Discursos de posses são geralmente listas de desejos que servem de indicação das intenções do seu autor. Mas elas podem ou não se concretizar
A radicalização política e o choque entre Poderes tornou a sucessão em qualquer um deles um movimento de muita importância, a ser observado com atenção. A troca de guarda no Judiciário, que tem amparado os golpes do presidente Jair Bolsonaro, mais ainda. Luiz Fux, agora contaminado pela covid-19, assume o cargo de Dias Toffoli, e algumas mudanças de rumo tornaram-se possíveis, ainda que possam vir a se frustrar.
No discurso de posse de Fux chamou a atenção a promessa de ser “deferente” com o Executivo, embora tenha acrescentado que isso não significava subserviência. O compromisso com a deferência é coerente com o perfil de Fux, considerado em geral conciliador - foi o ministro aprovado com o maior número de votos (68) no Senado até agora. Mas não deve perseguir o diálogo a qualquer custo.
As ações de Fux criam expectativa após a gestão tortuosa de Dias Toffoli, criticado nos últimos meses por ter sido excessivamente compreensivo com o governo, mesmo após o episódio de maio, quando o presidente Jair Bolsonaro atravessou a Esplanada dos Ministérios com ministros e um grupo de empresários para pressionar o STF a favor da flexibilização das medidas de quarentena nos Estados. Toffoli desenhou um pacto entre Poderes que seria impossível sem a anulação do Judiciário como instância julgadora de ações dos outros Poderes, garantidora da democracia.
A Lava-Jato está sendo alvo de ataques generalizados, por bons e também maus motivos, e essa é uma aresta que terá de ser aparada por Fux. O ministro é conhecido pela defesa da operação e, em seu discurso, defendeu o combate à corrupção, ao crime organizado e à lavagem de dinheiro como um dos cinco eixos de atuação que pretende trilhar. Os outros quatro são a proteção dos direitos humanos e do meio ambiente; a garantia da segurança jurídica para otimização do ambiente de negócios no Brasil; o incentivo ao acesso à justiça digital; e o que chamou de fortalecimento da vocação constitucional do Supremo.

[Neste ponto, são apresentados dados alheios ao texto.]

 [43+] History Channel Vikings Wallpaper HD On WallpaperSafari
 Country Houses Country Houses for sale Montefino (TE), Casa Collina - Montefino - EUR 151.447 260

Já Dias Toffoli não era simpático à operação. Há, no entanto, uma distância entre o que Fux deseja fazer e o que realmente pode fazer, dada a divisão interna do STF - e isso vale para todos assuntos. A divisão fica clara na Segunda Turma do STF, responsável por uma série de decisões envolvendo a Lava-Jato no tribunal, onde a ausência por motivos de saúde de Celso de Mello tem causado problemas ao relator da Lava-Jato, Edson Fachin. Apesar do apoio de Cármen Lúcia, Fachin tem enfrentado oposição dos outros dois membros, Gilmar Mendes e Ricardo Lewandowski. O empate favorece o réu em ações penais e isso já aconteceu em caso que contraria até entendimento anterior da Corte.
Celso de Mello aposenta-se em novembro e especula-se que Dias Toffoli, que tecnicamente deve ir para a Primeira Turma, de onde veio Fux, pedirá para ocupar o lugar de Mello, reforçando os votos de críticos à Lava-Jato. Uma saída para Fachin seria levar os temas da operação para o plenário, onde poderiam ser pautados por Fux. Mas a repetição da conhecida manobra pode despertar críticas dos demais ministros.
Além disso, a realização das sessões virtuais, que ganharam espaço com a pandemia, introduziu uma nova dinâmica que afeta os reais poderes do presidente do Supremo. Antes, ele definia a pauta após liberação pelo relator. Agora os relatores são livres para enviar seus casos ao plenário. O mecanismo está previsto para durar até dezembro. Muitos acreditam que será prolongado de alguma forma porque agilizou os julgamentos.
Um ponto positivo foi Fux ter divulgado, como Toffoli, a pauta de julgamentos previstos até o fim do ano. Há temas importantes como a divisão dos royalties do petróleo, a nova lei trabalhista e alguns caros ao governo como “ideologia de gênero” nas escolas. Herda ainda pautas espinhosas, como a suposta interferência de Bolsonaro na Polícia Federal e o inquérito das fake News. Há a expectativa de que Fux se concentre em temas econômicos e fiscais, tangenciando polêmicas. Fux tem a fama de corporativista, que se firmou com a decisão a favor do auxílio-moradia para os juízes, mantido por quatro anos até a sanção de reajuste para o STF.
Discursos de posses são geralmente listas de desejos que servem de indicação das intenções do seu autor. Mas elas podem ou não se concretizar, dependendo das condições práticas e da correlação de forças de cada momento, especialmente em um espaço poderoso como o STF.